The owner of newspapers and television stations said on Monday that third-quarter revenue rose 3.4 percent to $1.31 billion. Analysts expected revenue of $1.29 billion, according to Thomson Reuters I/B/E/S.
Net income increased to $133.1 million, or 56 cents per share, from $99.8 million, or 41 cents per share, in the same quarter last year. Analysts expected earnings per share of 53 cents.
Still, investors sent shares down 3.6 percent to $17.25 in early trading on Monday despite the positive numbers.
Evercore analyst Doug Arthur thinks investors were looking for a bigger upside. "The stock has done awfully well," he said about the 26 percent run-up over the past three months.
A record for third-quarter revenues at its broadcasting division and a moderating decline at its U.S. newspapers suggested the momentum will continue into the fourth quarter, said Benchmark Co analyst Edward Atorino.
"Political (advertising) is going off the chart, and newspapers are on track, which is encouraging," he said.
Gannett, the largest U.S. newspaper chain with 82 properties including USA Today, implemented a plan unveiled earlier this year to reduce its dependence on advertising at its newspapers and to capitalize on broadcast TV.
As a result of a digital pay model rolled out to 71 markets, circulation revenue rose 10 percent at its U.S. newspapers.
Even the pace of advertising declines has begun to slow.
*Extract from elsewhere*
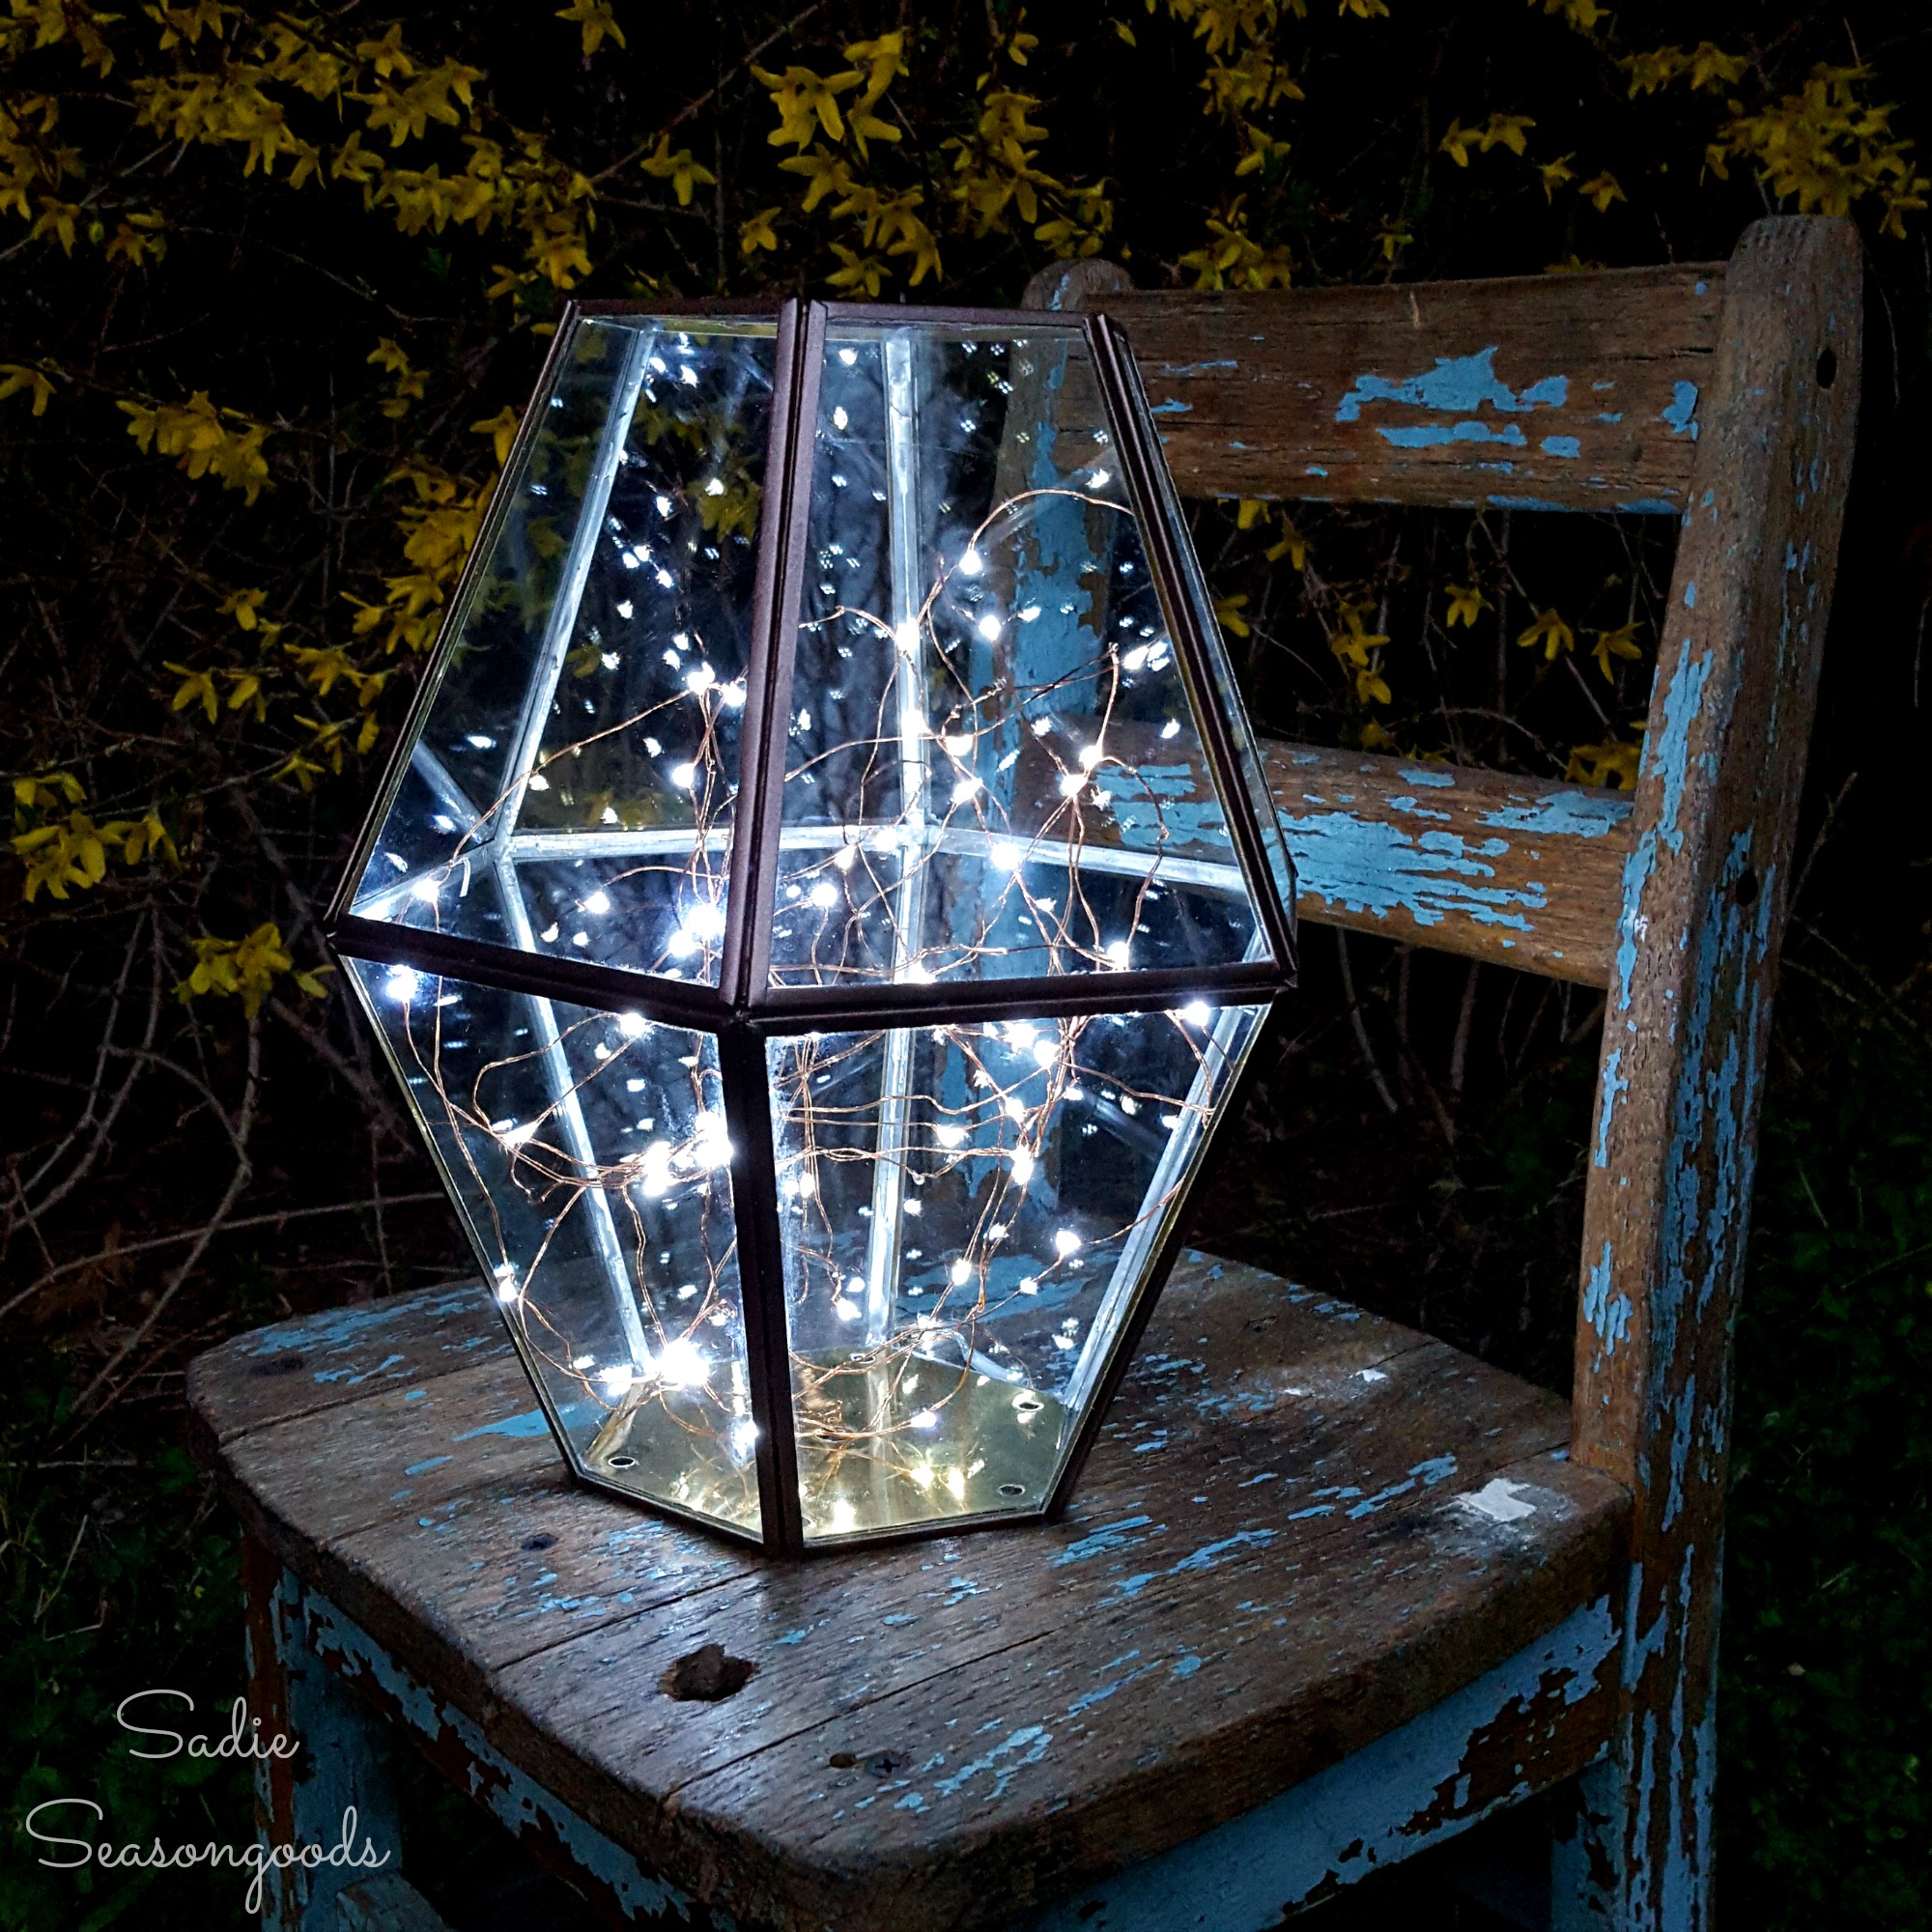 These 10 creative outdoor lighting ideas are sure to spark some inspiration into lighting up your own patio or deck! www.theweatheredfox.net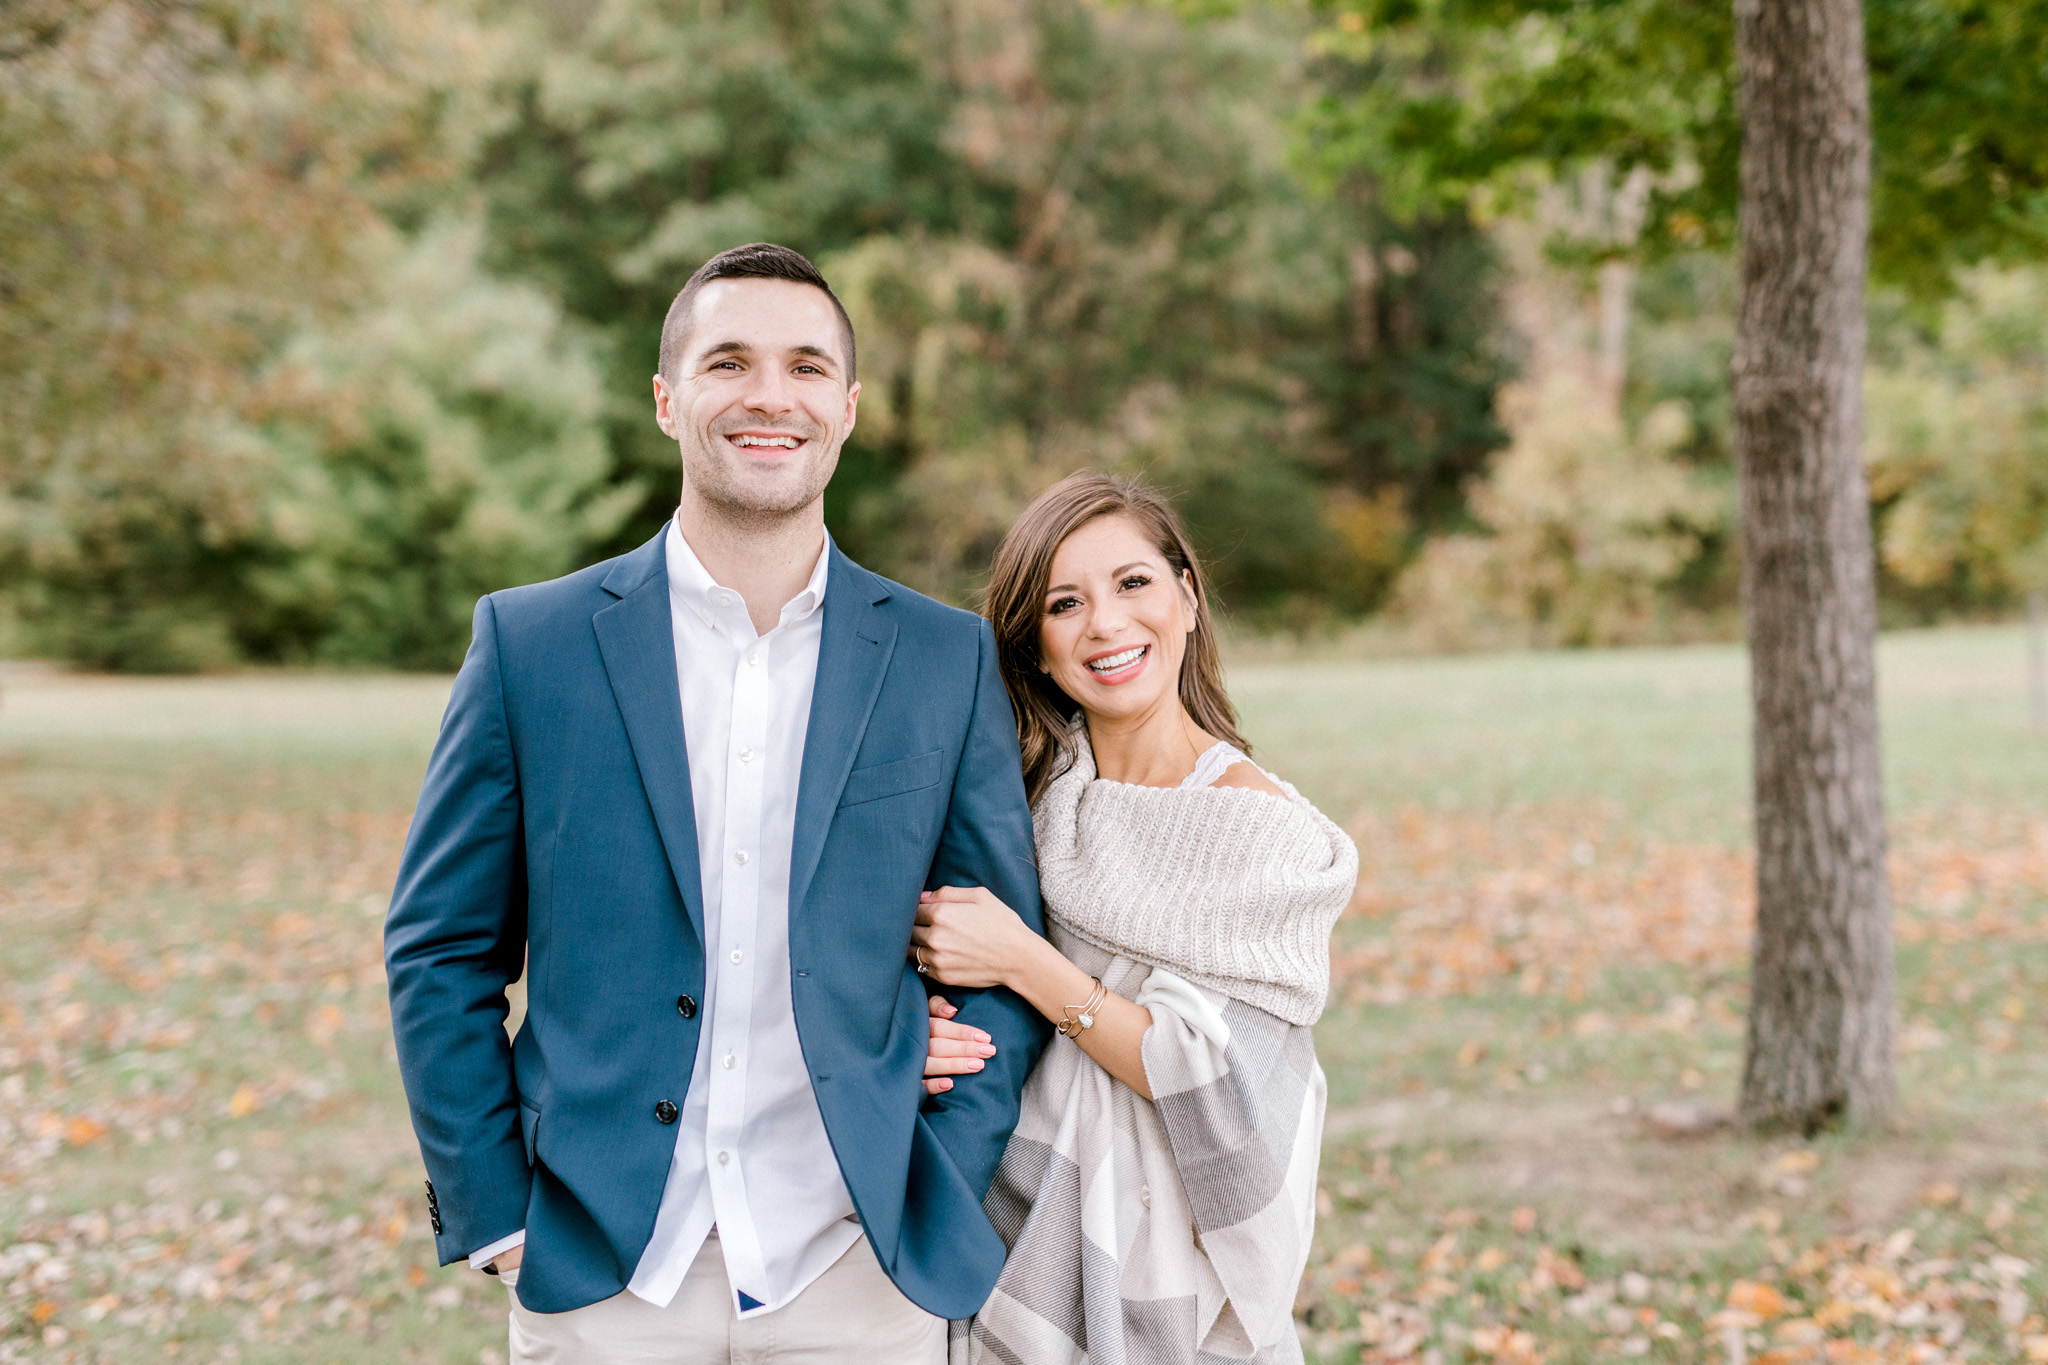 Fall Engagement Session at Lake Michigan and in the Park | Michigan Wedding Photographer | What to Wear to your Engagement Session

Advertising revenue at its publishing division fell 6.6 percent, compared with an 8 percent decline in the second quarter.
Gannett also owns a group of newspapers in Great Britain.
Total publishing revenue dropped 3 percent to $890.2 million , while broadcasting revenue increased 36 percent to $237.0 million.
Digital revenue increased almost 5 percent to $182.0 million, contributing more than 25 percent of total revenue.